AI excels at writing “generally correct things.” Conversely, “specific, individual, and imperfect things” are areas where AI struggles, and where humans shine.

The Real Question Is Not “What to Disseminate”

The figure of 44% on Deezer indicates not just that “AI is impressive.”

When the cost of creating content approaches zero, the value of “creating” itself diminishes.

What remains valuable?

  • Judgment on what to create
  • The will to create it
  • Trust in who is saying it

These three cannot be replaced by AI. And these three are stronger in SMEs than in large corporations. This is because the decision-makers in SMEs are visible. The CEO can decide, “We will do this,” and disseminate it under their name. This is a feat that large corporations cannot achieve.

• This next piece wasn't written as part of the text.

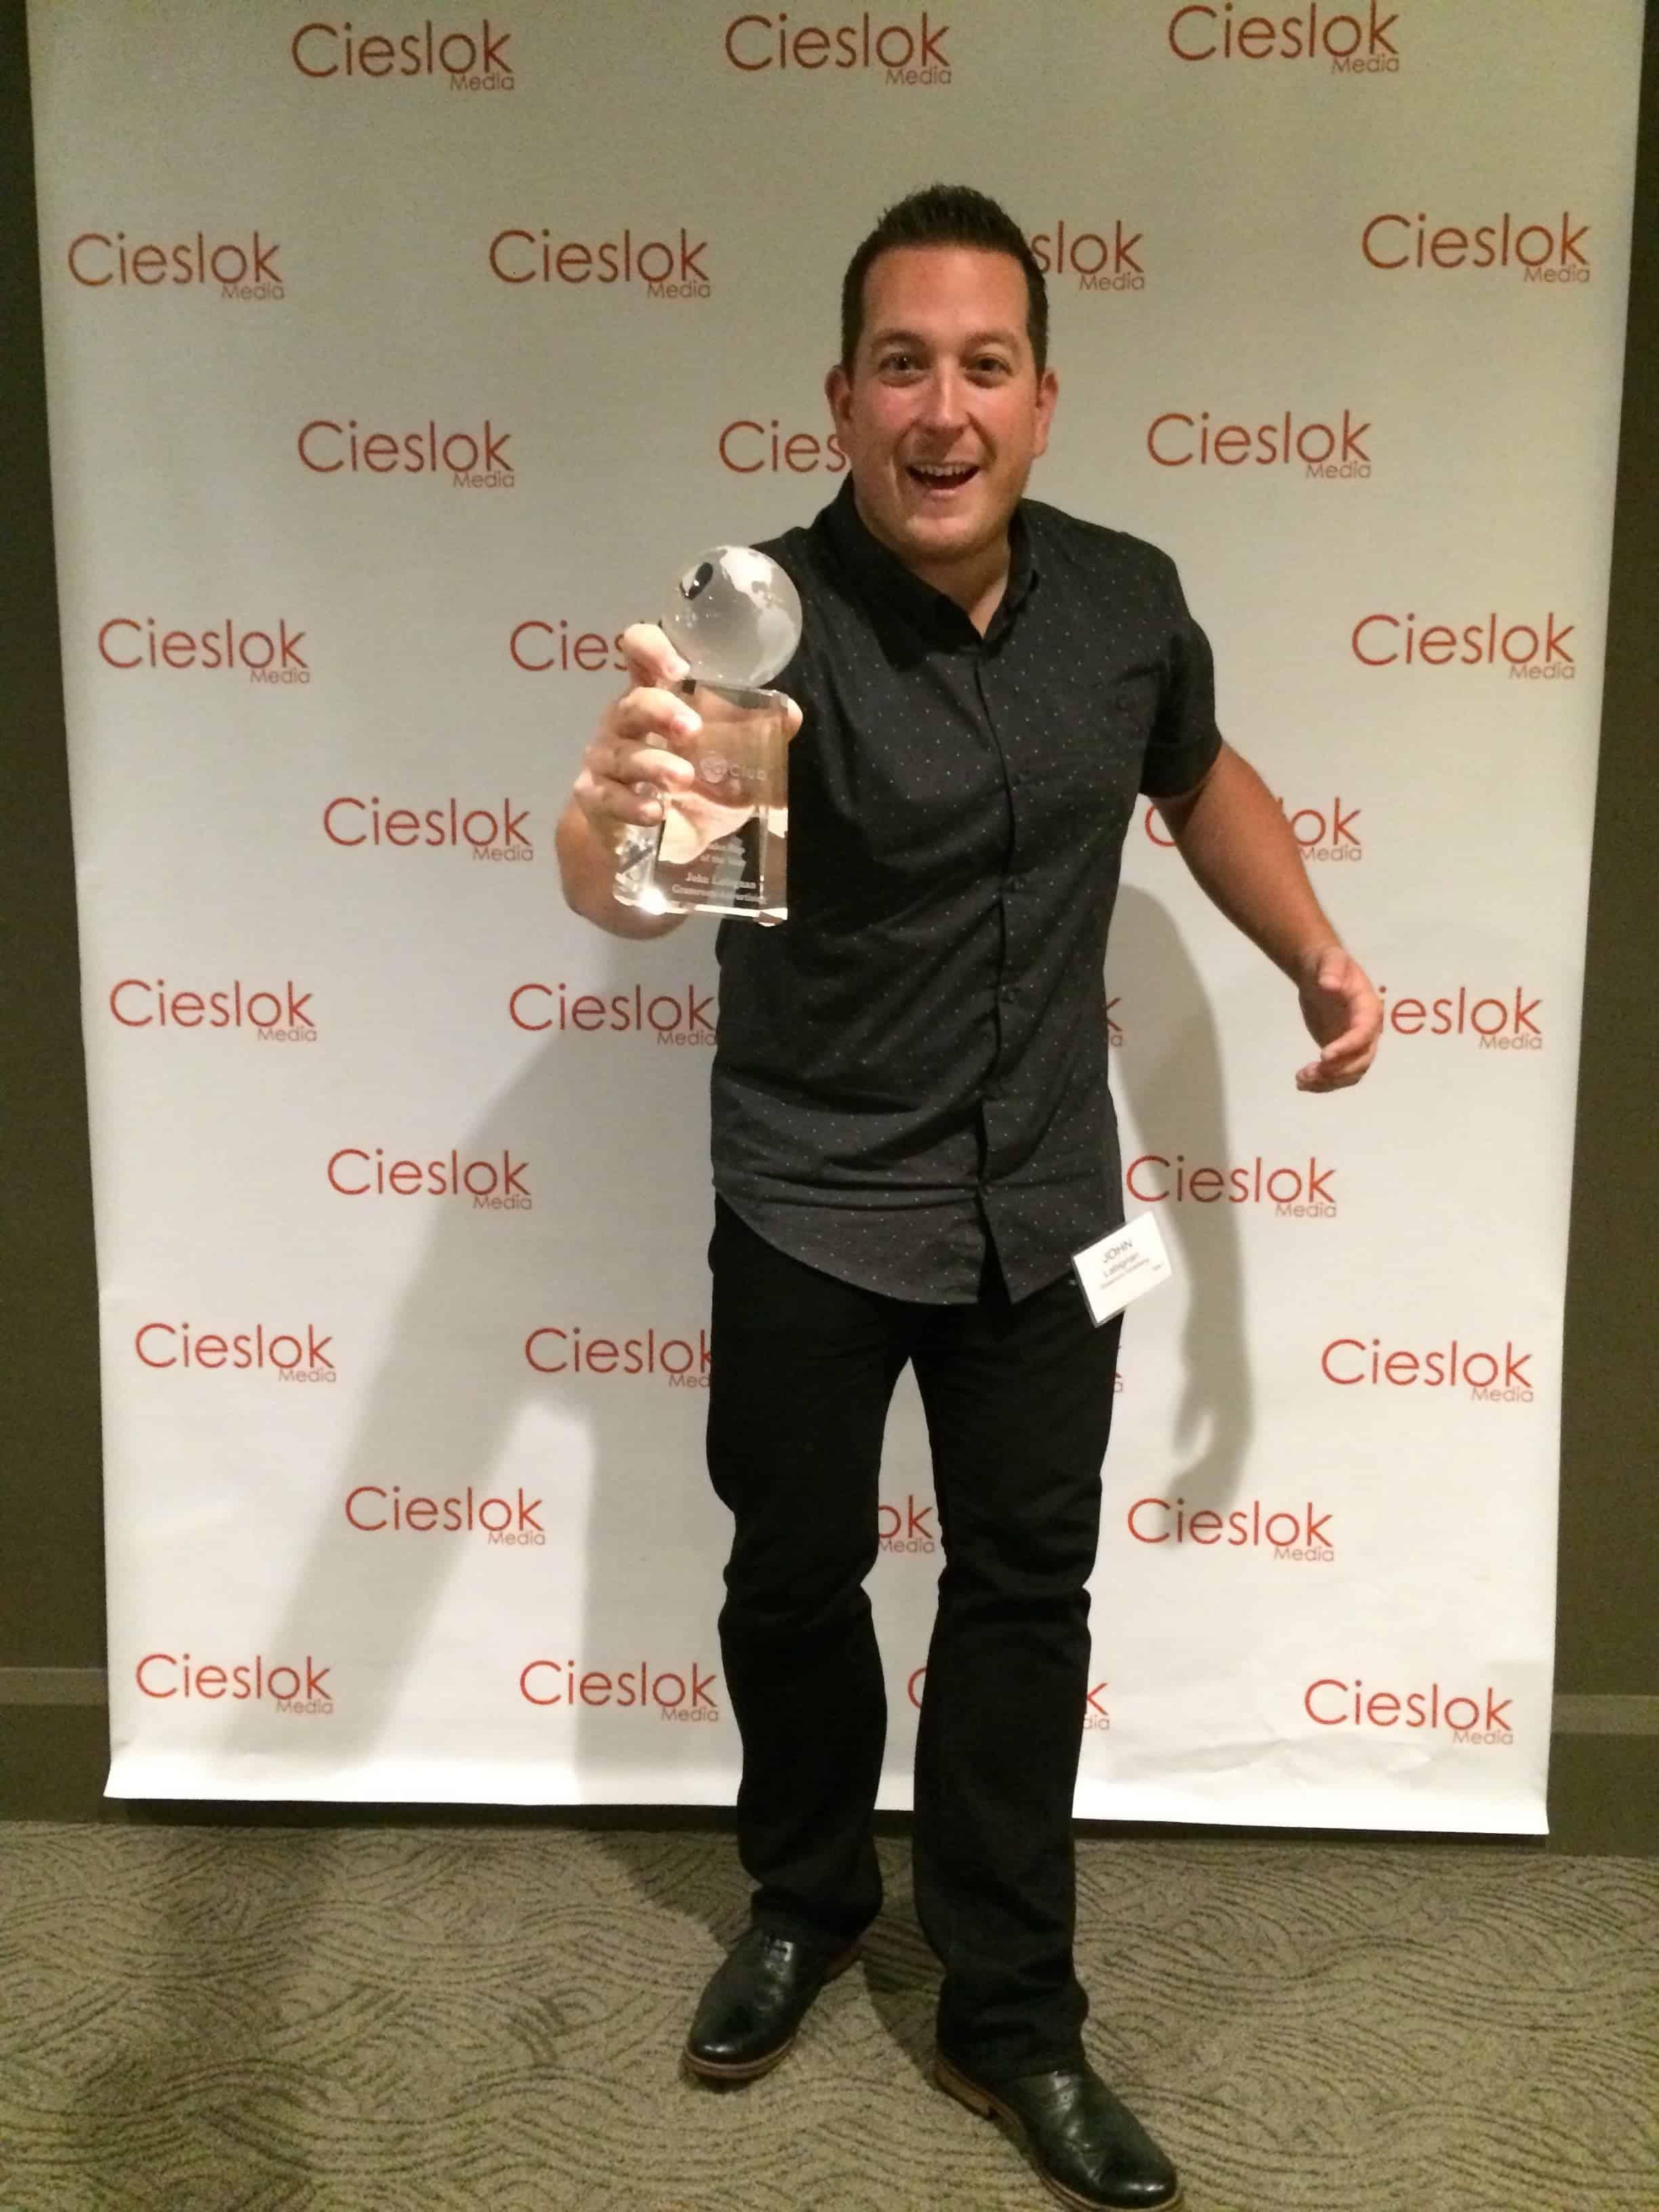 John wins the People's Choice Award!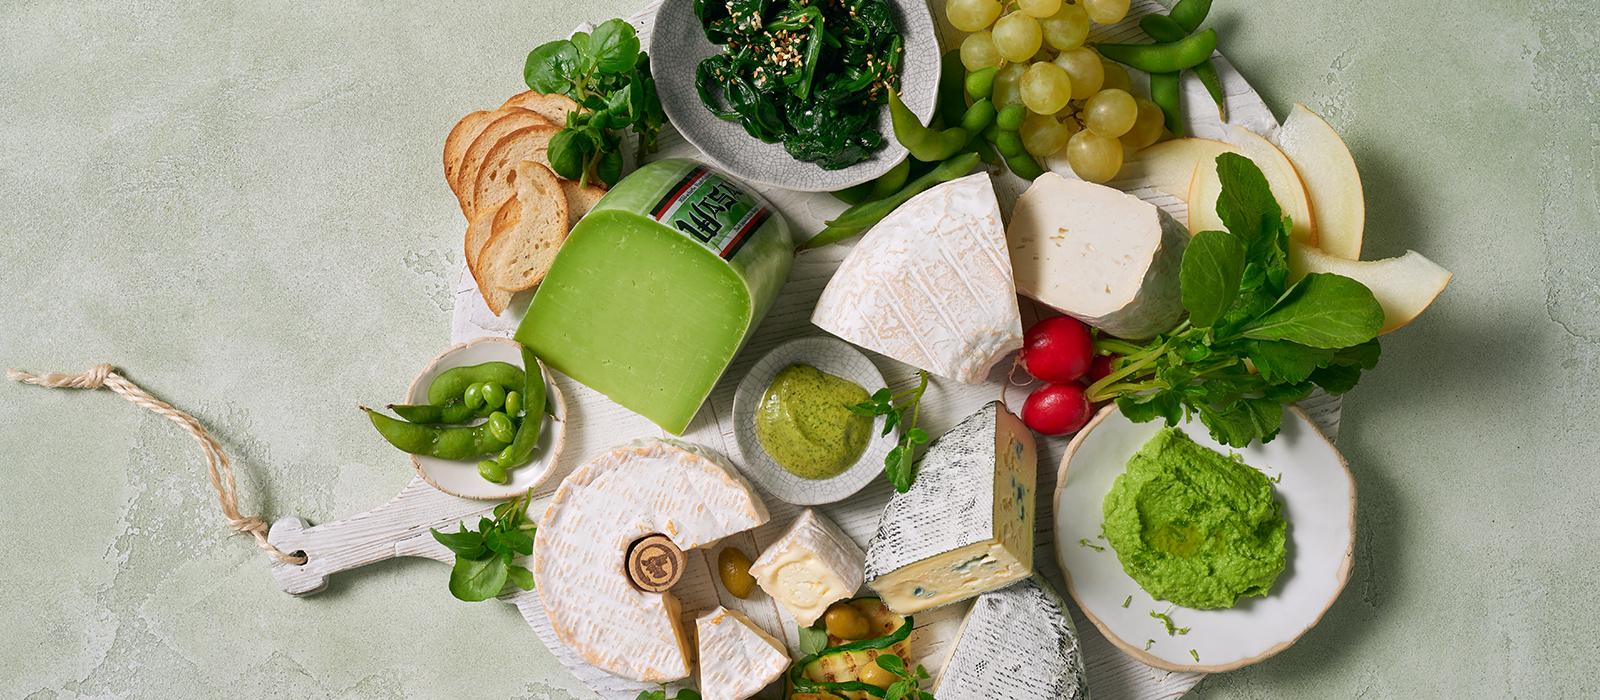 Grünes Foodboard

What SMEs should do in the AI era is neither to fear AI nor to ignore it.

Delegate what AI can do to AI, and spend time on what only humans can do.

And what only humans can do is not just writing beautiful sentences. It is narrating what happened in their own field, in their own words, under their own name.

That will be the only form of dissemination that does not sink in the flood of AI-generated content.